Por Arnaldo M. Fernández
Broward
13/02/2019

Del 13 de febrero al 2 de marzo de 1959 fueron juzgados 43 aviadores de la Fuerza Aérea del Ejército (FAE) batistiano en la Causa 127-59 del Tribunal Revolucionario [1] de Santiago de Cuba. Tras el fallo absolutorio, el fiscal Antonio Cejas interpuso recurso de revisión. El 5 de marzo principió nuevo a juicio ante tribunal superior, que terminaría con 2 absoluciones y penas de 30, 20 y 2 años de cárcel a 19, 10 y 12 acusados, respectivamente.

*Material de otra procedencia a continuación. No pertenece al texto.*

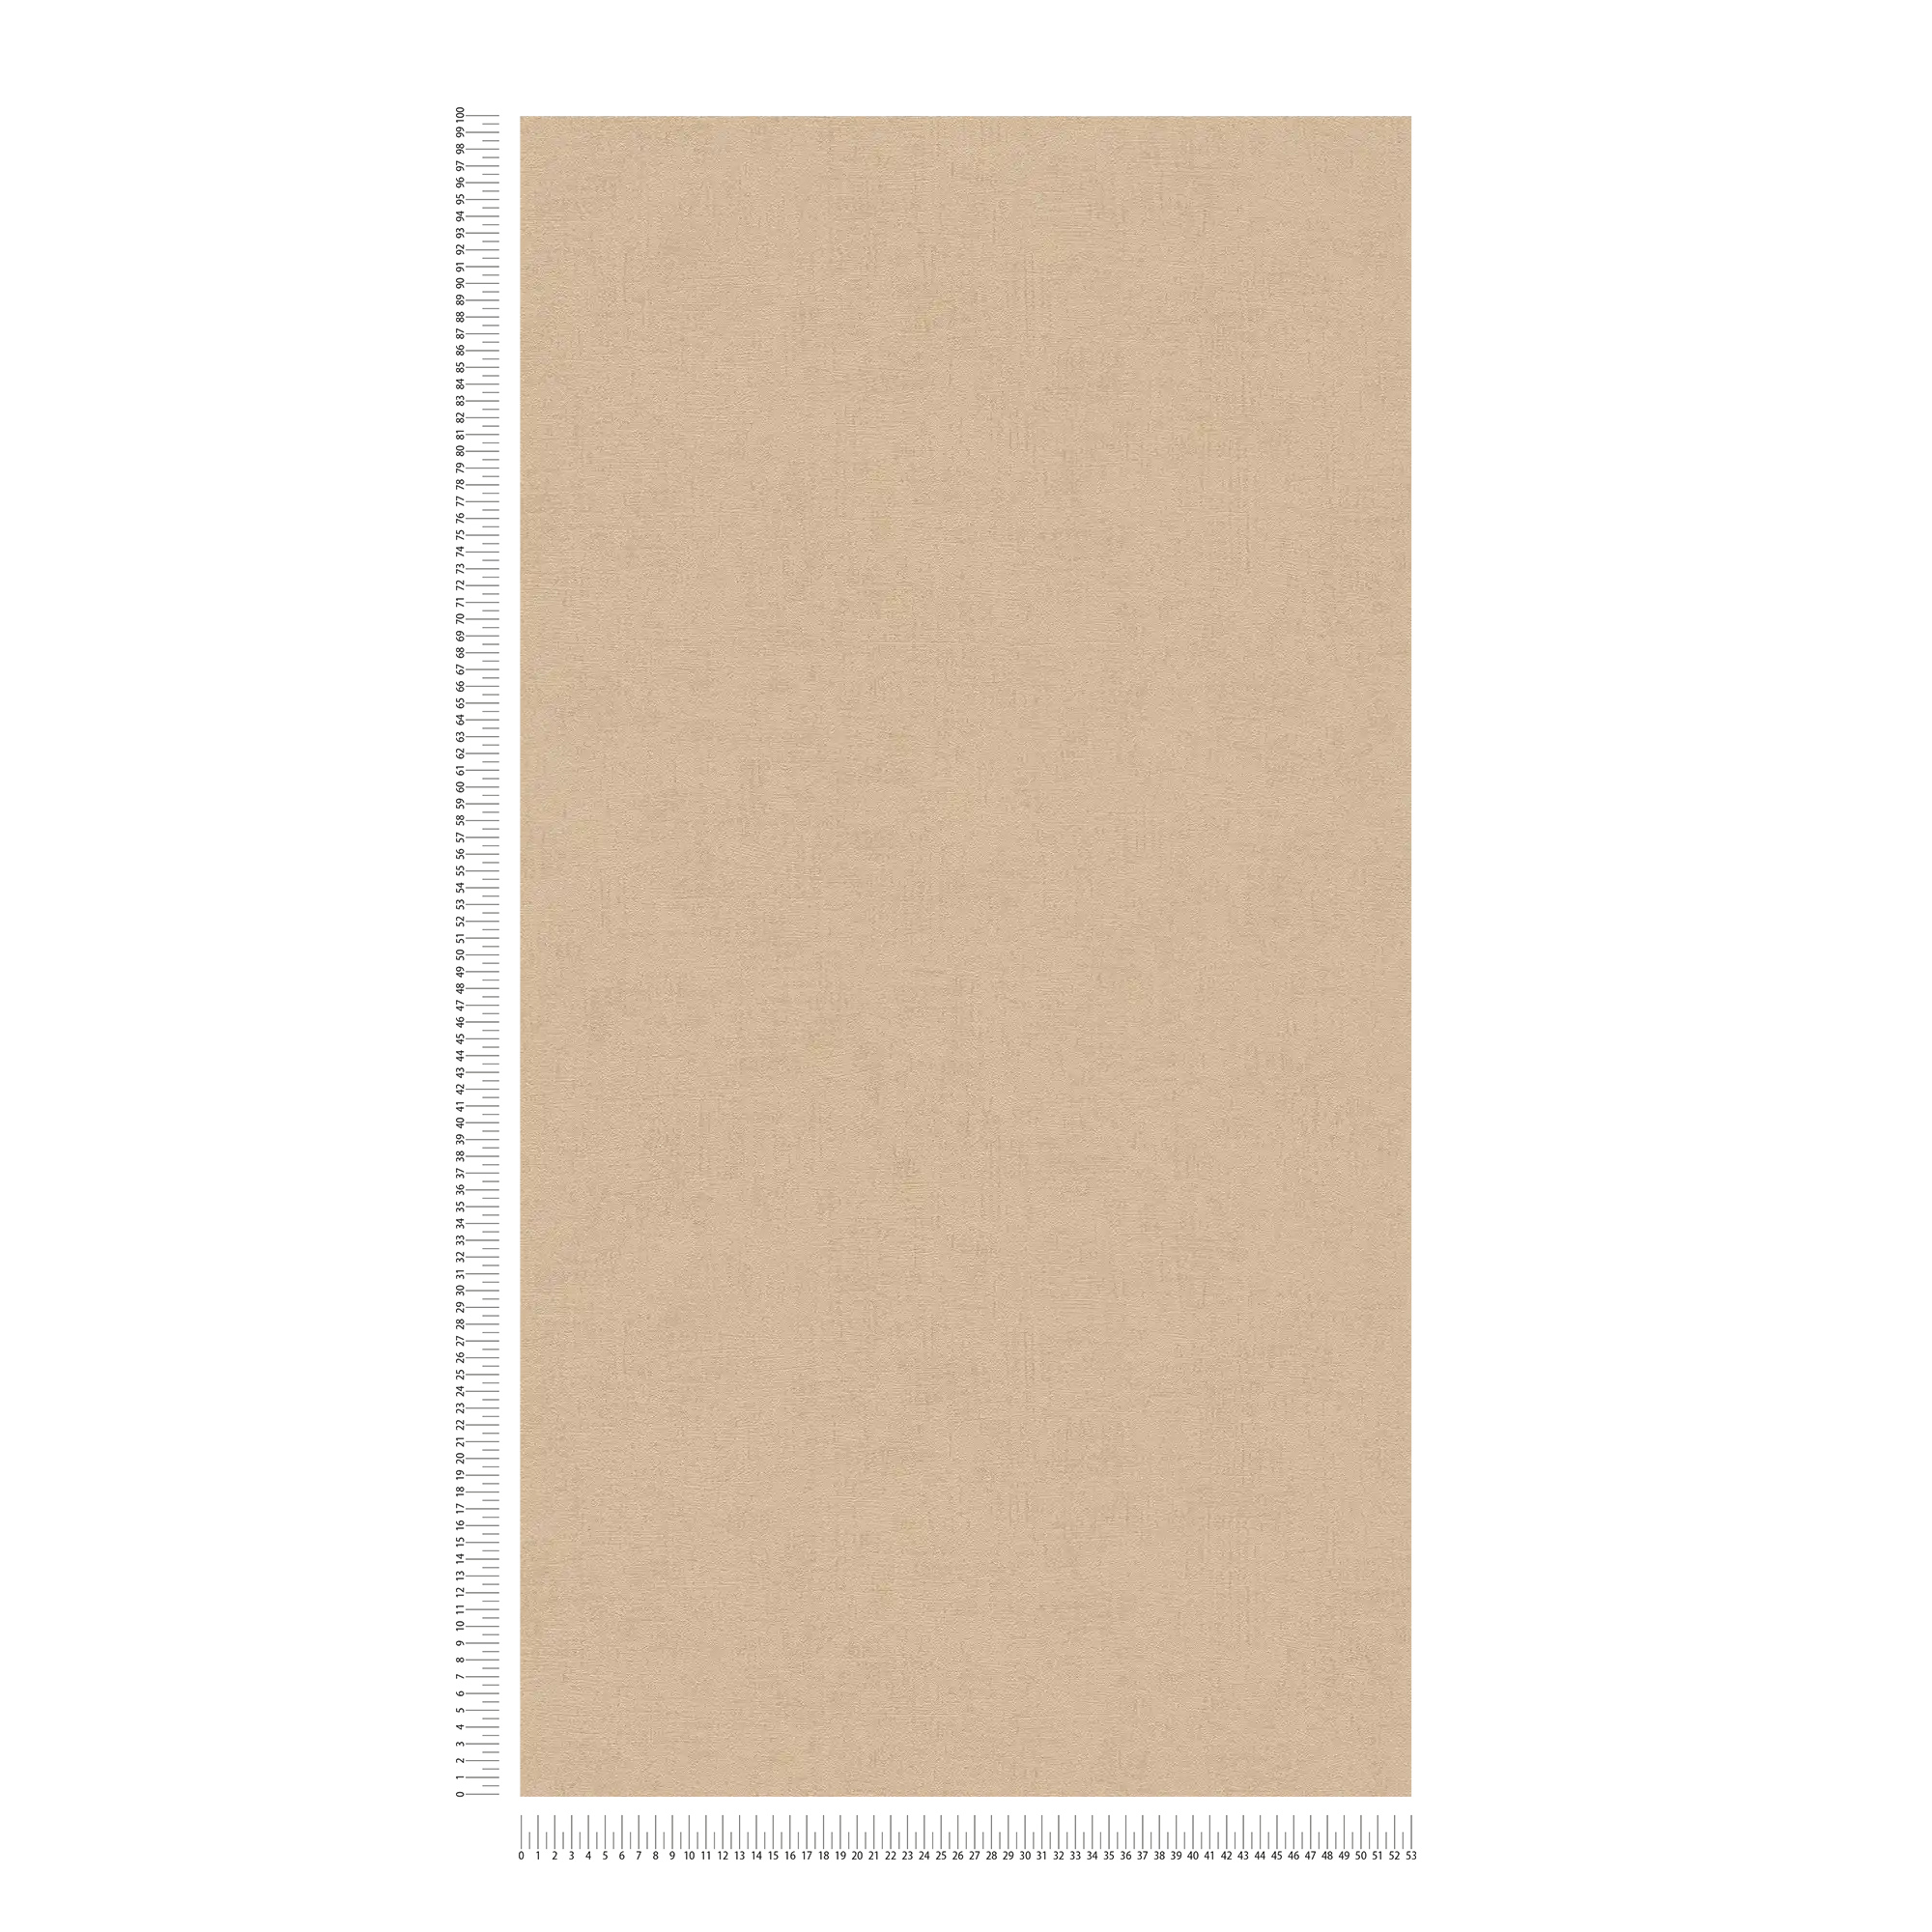             Carta da parati marrone chiaro caramello con struttura ed effetto glitter - marrone, metallico
        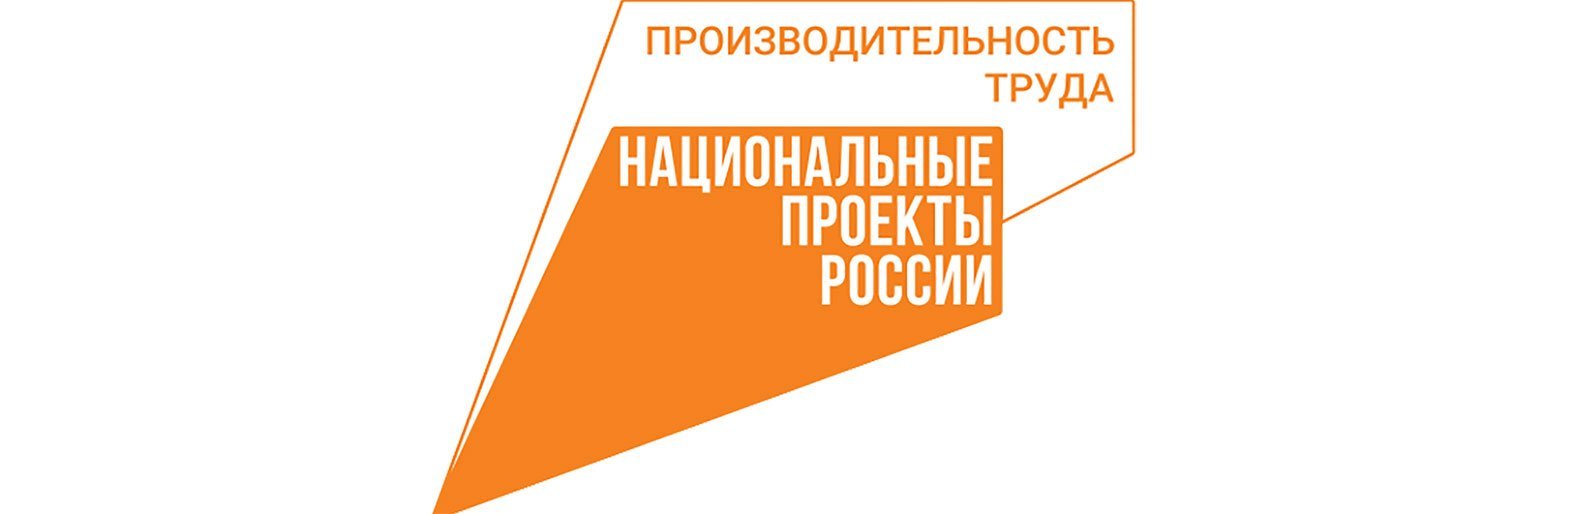 Белгородский производитель систем очистки воды участвует в нацпроекте «Производительность труда»

Nada tuvo de ilegal que estos aviadores arrostraran dos juicios por los mismos hechos. Dentro del orden jurídico entonces vigente [2], la Ley Procesal Penal de la República en Armas (1896) autorizaba al fiscal para interponer recurso de revisión y así dar pie a otro juicio (Artículo 100). Sólo que el tribunal de revisión [3] se desentendió de otra norma (Artículo 107): respetar los hechos que el tribunal de primera instancia [4] había declarado probados:

“Aviones de la dictadura piloteados por los acusados de este proceso, así como por otros que abandonaron el territorio nacional (…), ametrallaron en unas oportunidades y bombardearon en otras, o ambas a la vez, distintos puntos [como] Sagua de Tánamo, Ocujal de Mayarí, San Benito, Bayate, La Prueba, Maffo, San Luis, Calabaza, Mayarí Arriba, San Antonio del Sur y otros, causando 8 muertos, 16 heridos [y] daños” (…) Muchos de [estos puntos eran] objetivos militares [y] con las pruebas [presentadas en juicio] no ha podido justificarse [sin] la menor duda quiénes o quién de los acusados (..) produjeron las muertes, lesiones y daños”.

Fundamento jurídico del fallo absolutorio

Desde la primera sesión del primer juicio, el ambiente estaba caldeado. La prensa local circuló el reportaje “Sagua [de Tánamo], la Lídice cubana” para fraguar analogía con el nazismo. No en balde el fiscal se bajó con que los aviadores habían perpetrado hasta genocidio. Los acusados se abstuvieron de declarar y la defensa [5] se encargó de vapulear los argumentos del fiscal y a sus testigos de cargo. El tribunal de primera instancia razonaría que:

    Los hechos “no constituyen los delitos de asesinato, homicidio, lesiones y daños [ni] de genocidio [ya] que los pilotos no tuvieron la intención de matar [ni otra] dolosa”
    Los jueces tienen que “absolver en los casos en que no se hubiera producido una prueba plena que llevase a su ánimo la certeza que exige la ley [y] en el presente caso no se ha producido (…) esa convicción o certeza necesaria para imponerle a los encartados no ya la pena capital, sino ninguna otra de privación de libertad”.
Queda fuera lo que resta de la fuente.